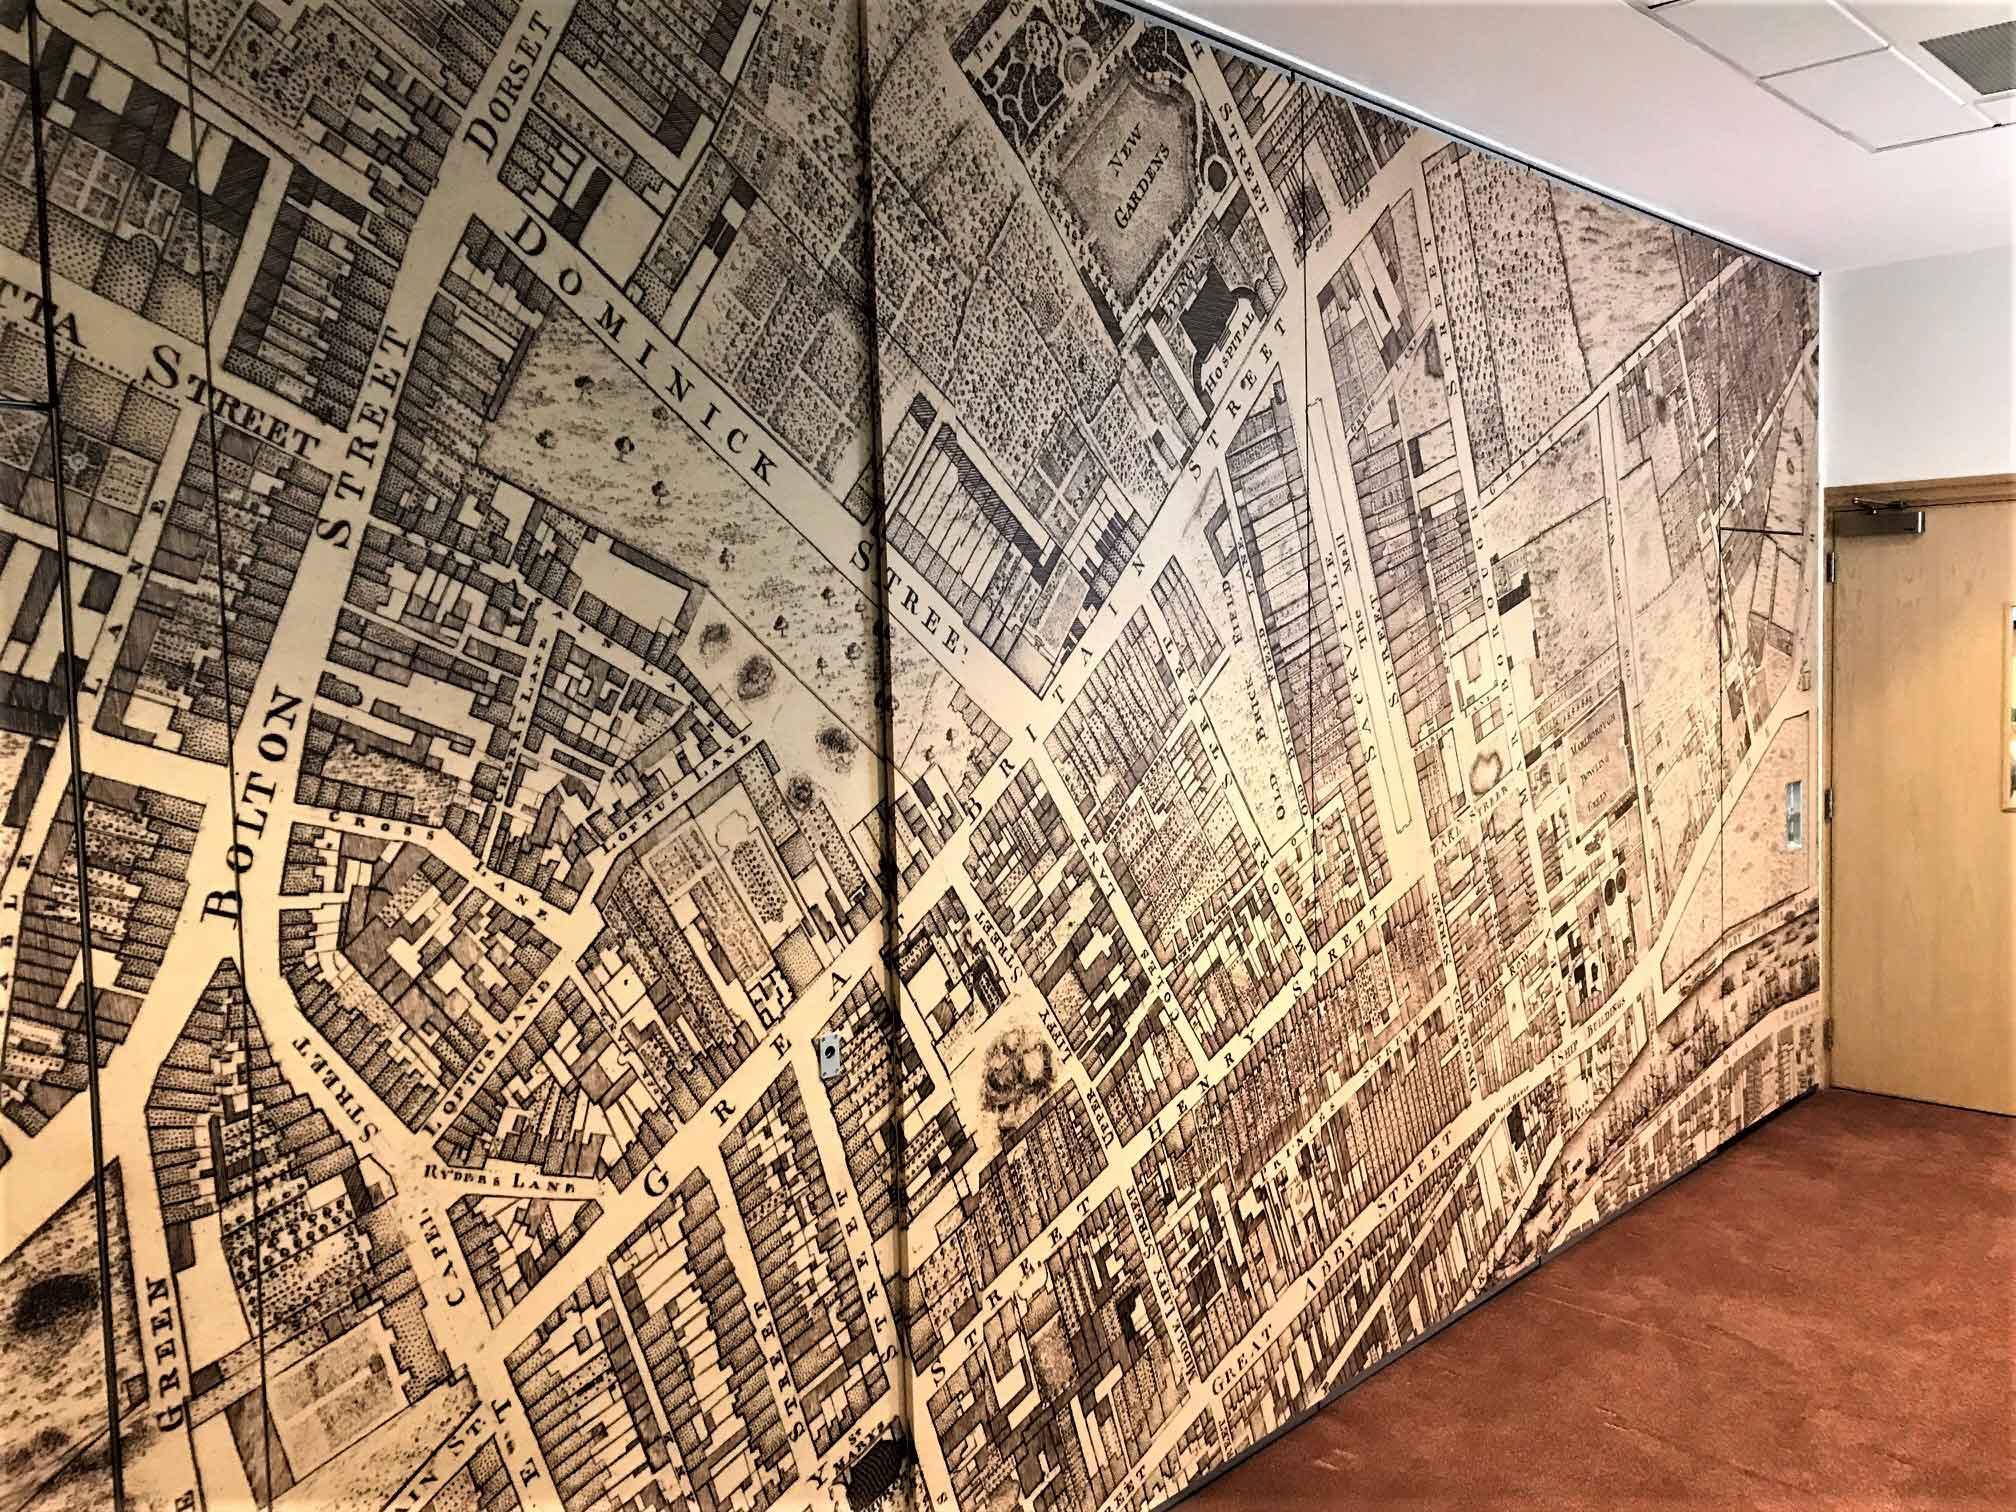 An bord pleanalla map wall vinyl display
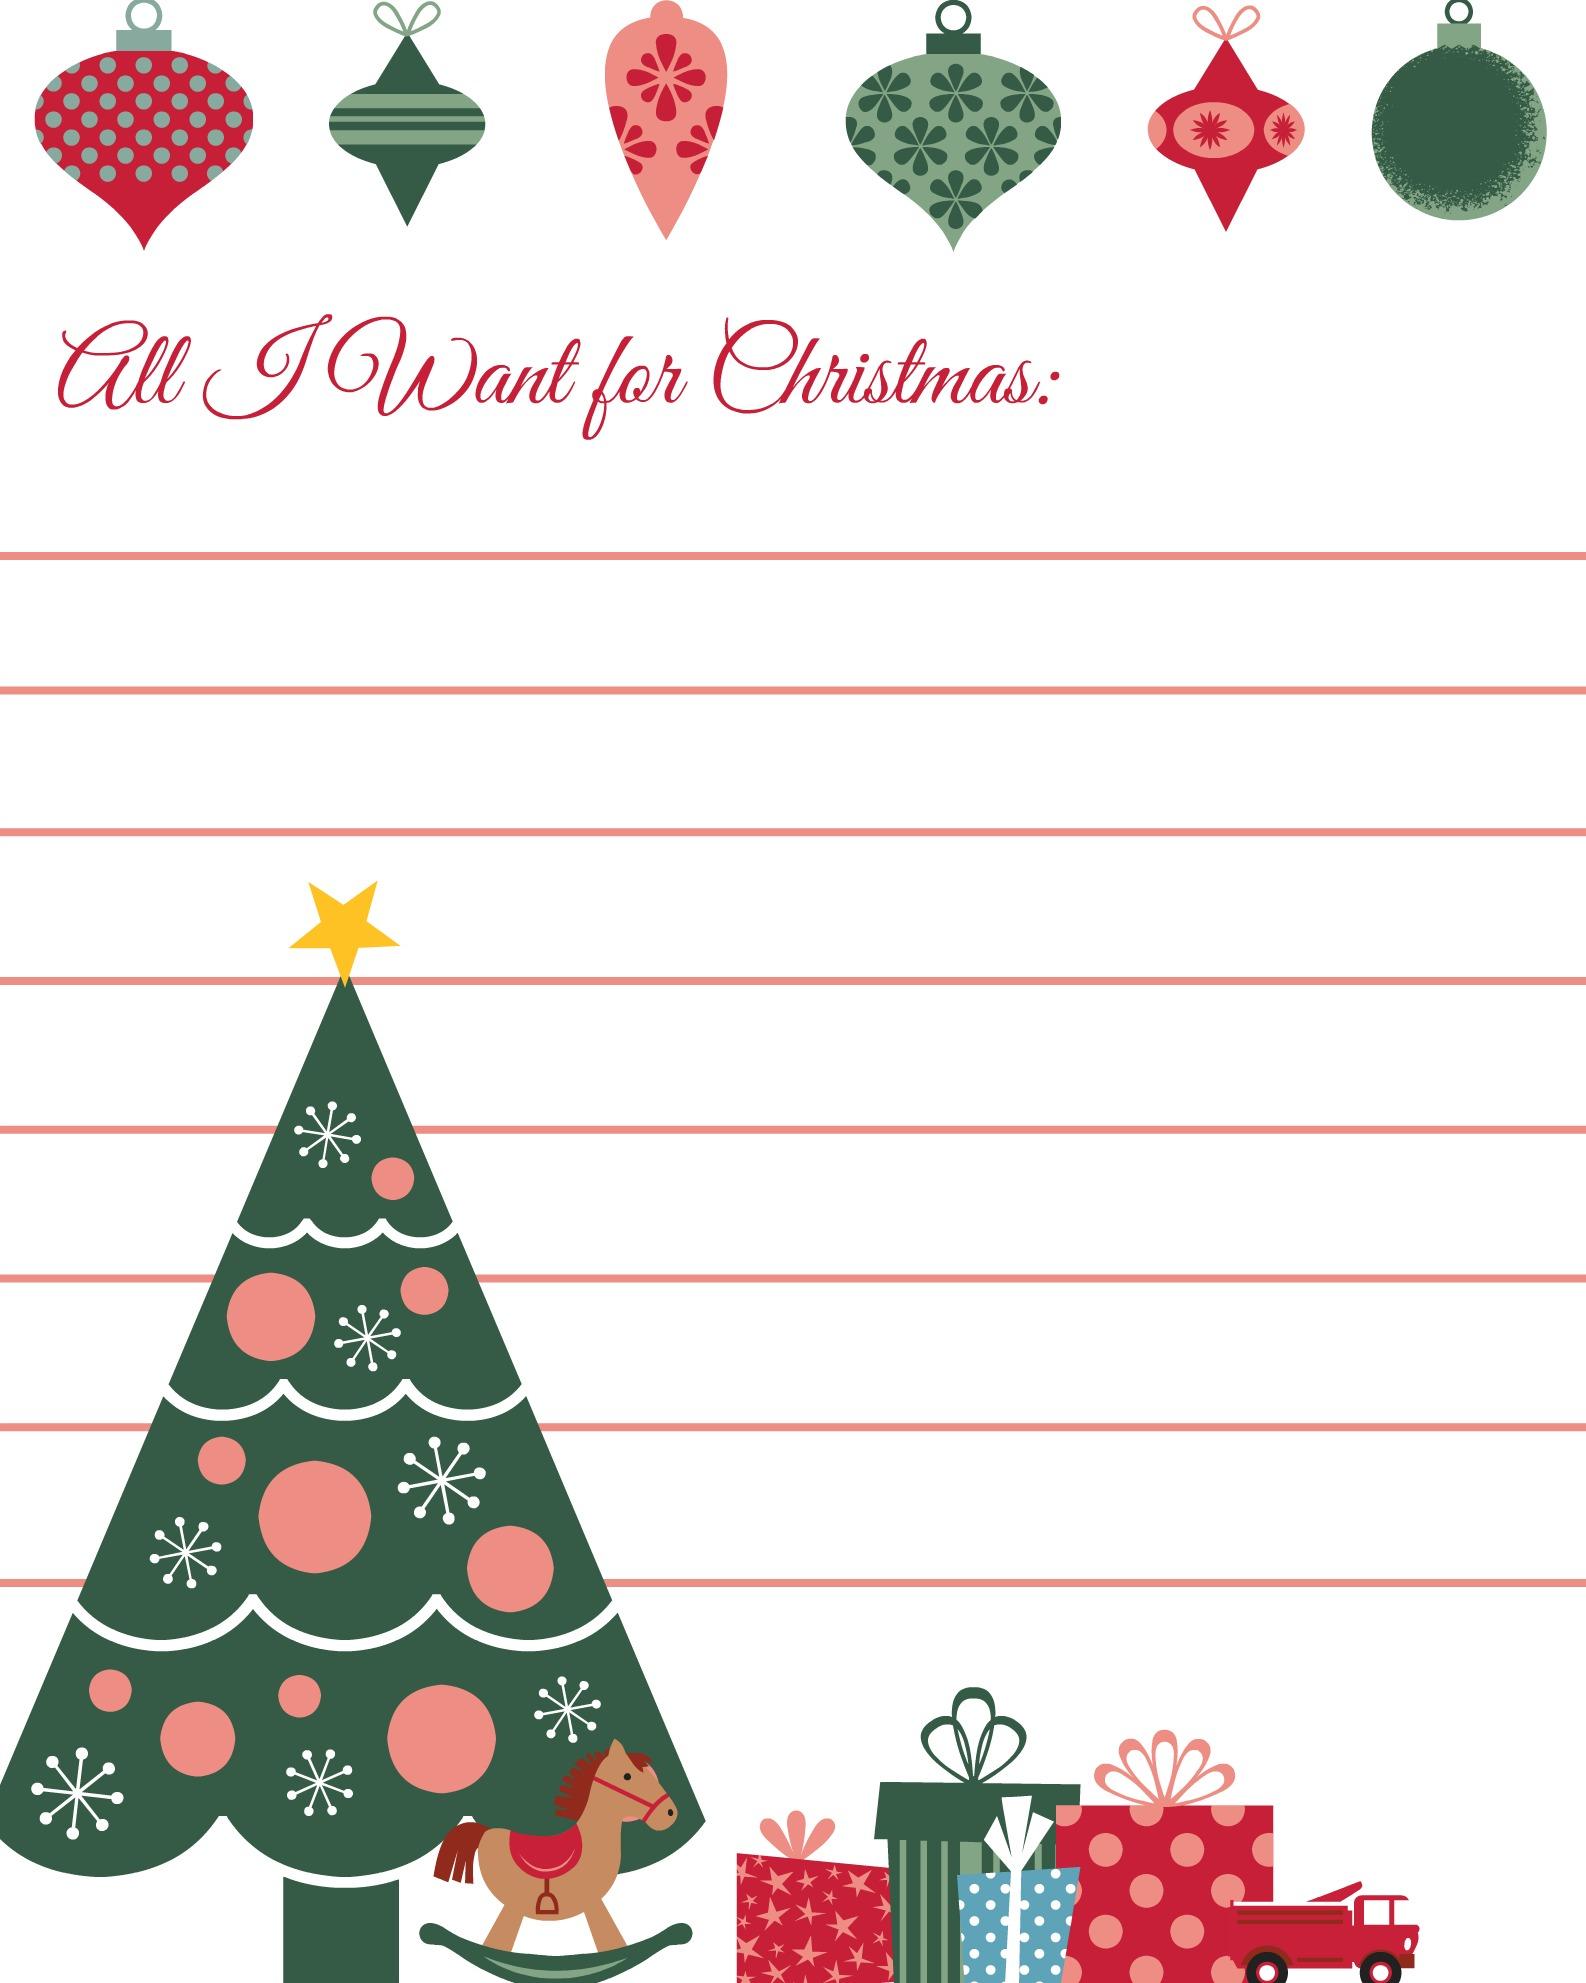 All I Want for Christmas Wish Lists Printables
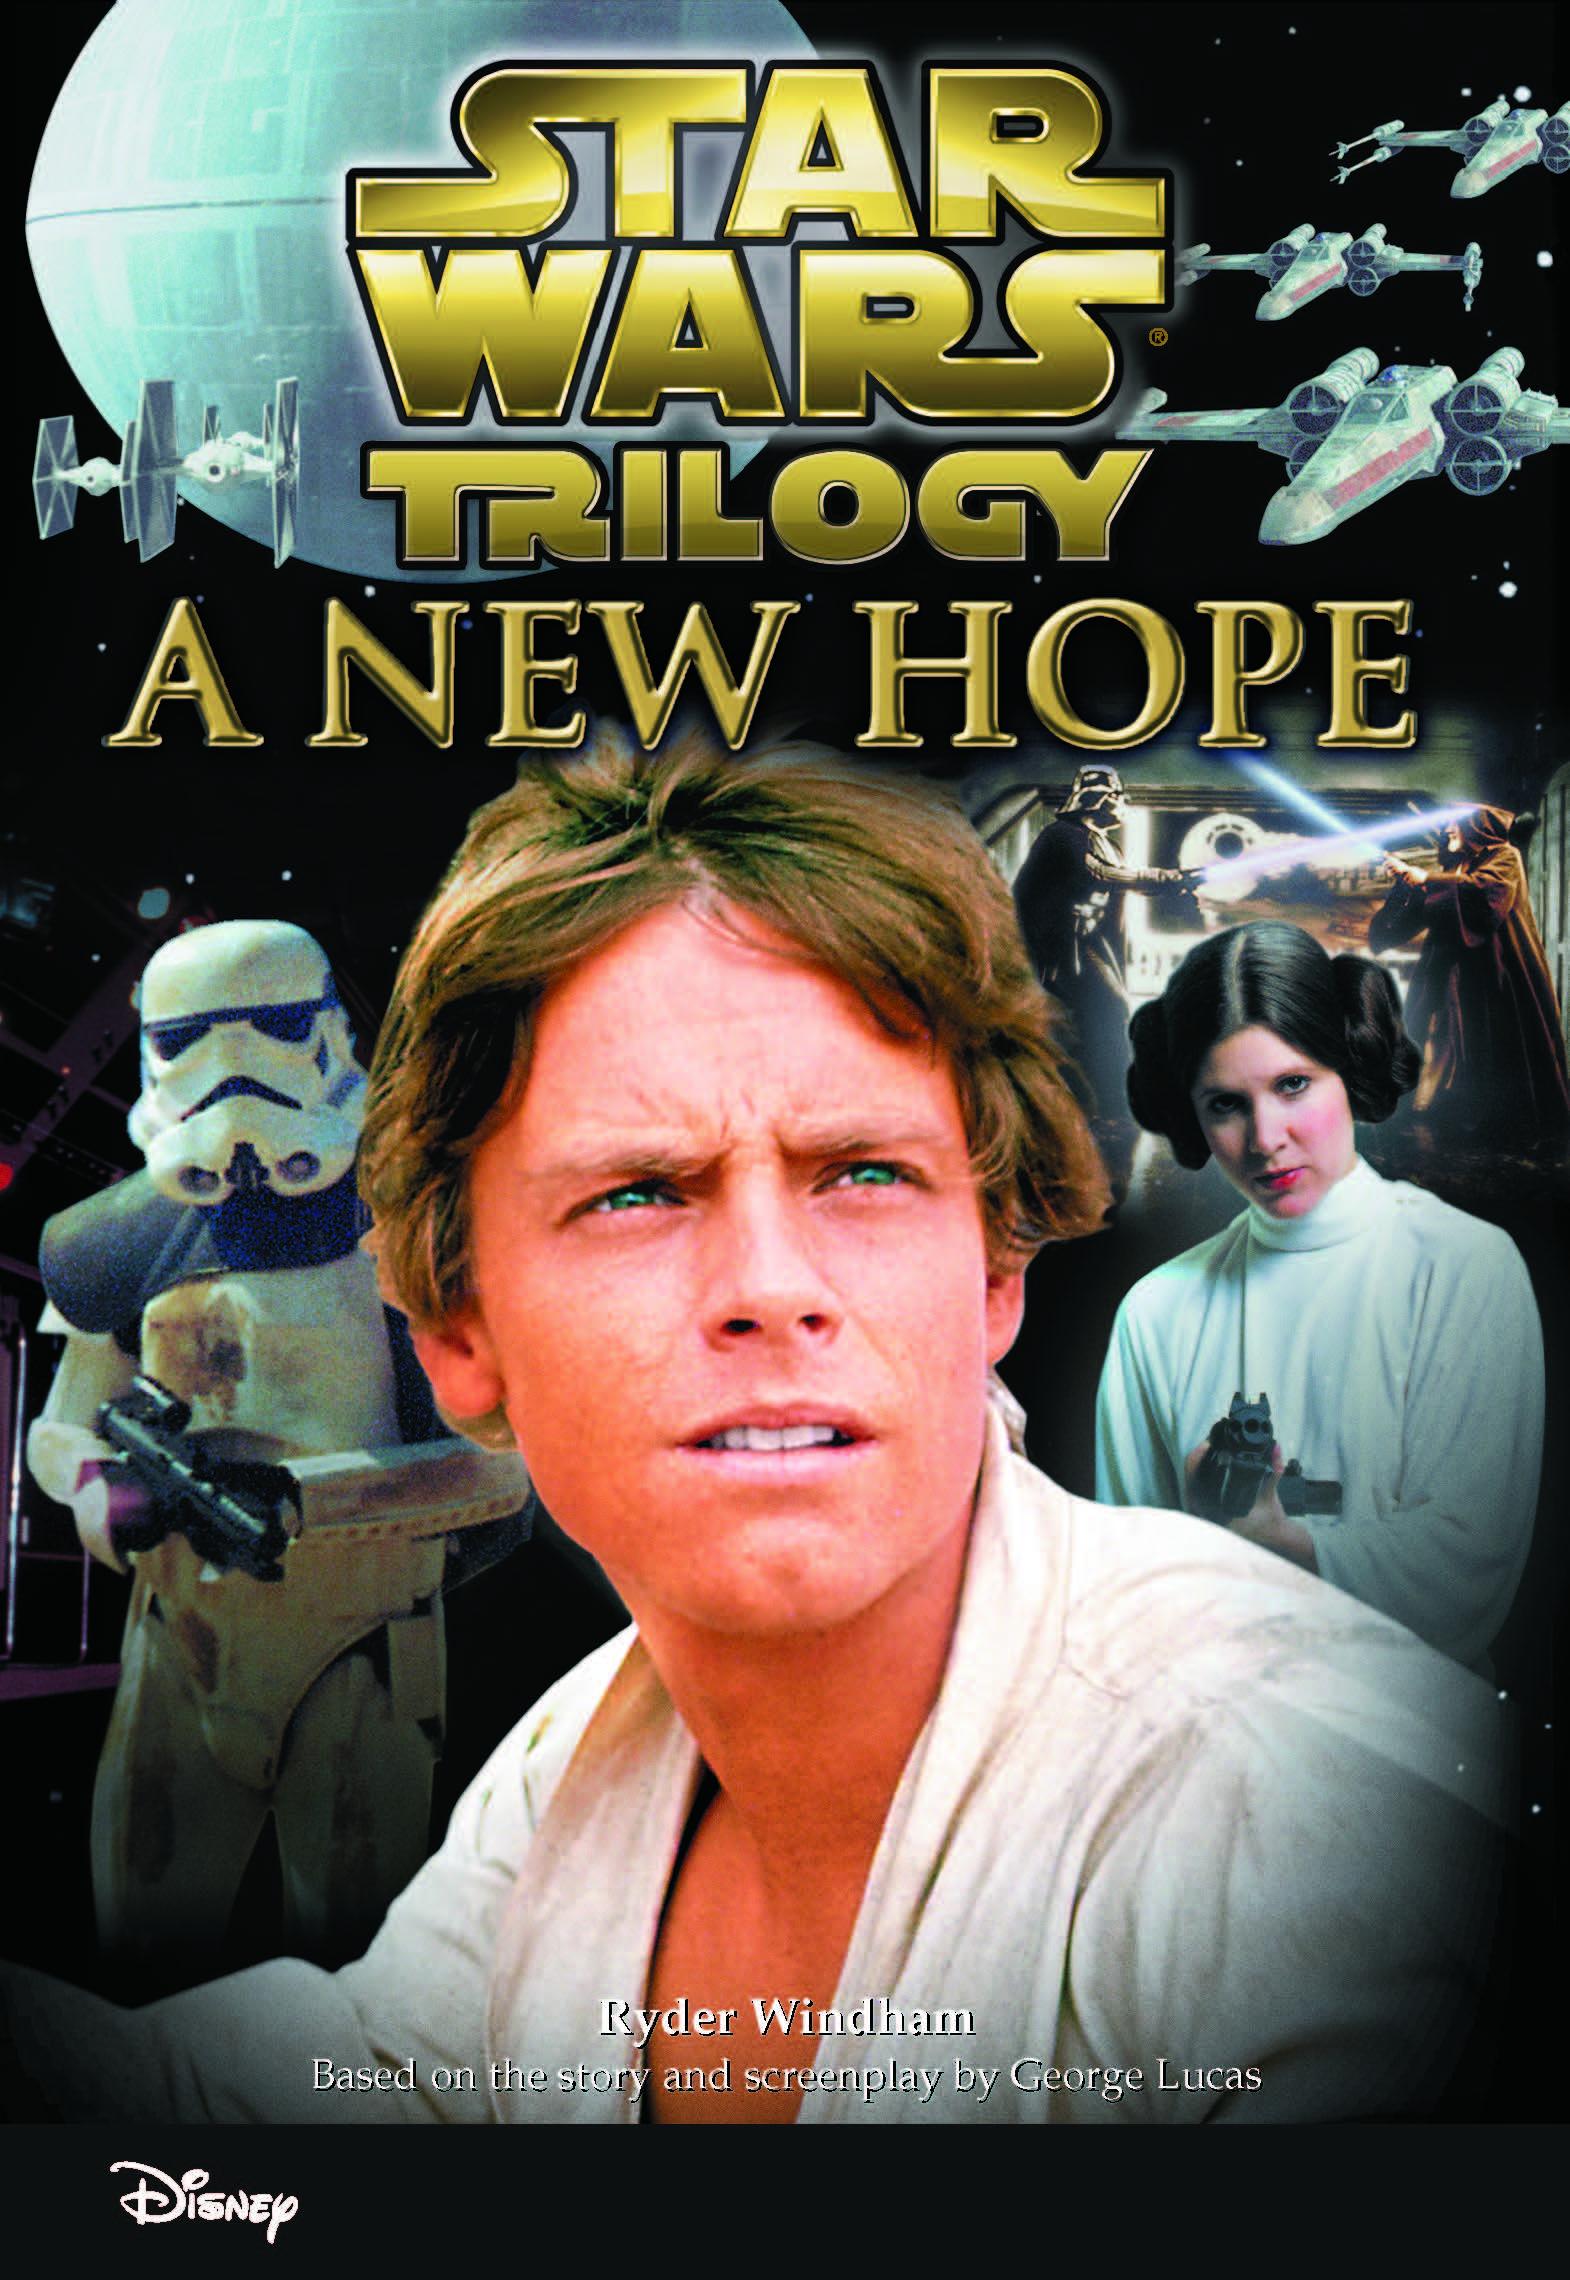 Star Wars Trilogy A New Hope Disney Books Disney Publishing Worldwide
------
→ DIRECTIONS
Leaving the pictures out, write out all the material above exactly.

→ EXPECTED ANSWER
 An bord pleanalla map wall vinyl display
 All I Want for Christmas Wish Lists Printables
 Star Wars Trilogy A New Hope Disney Books Disney Publishing Worldwide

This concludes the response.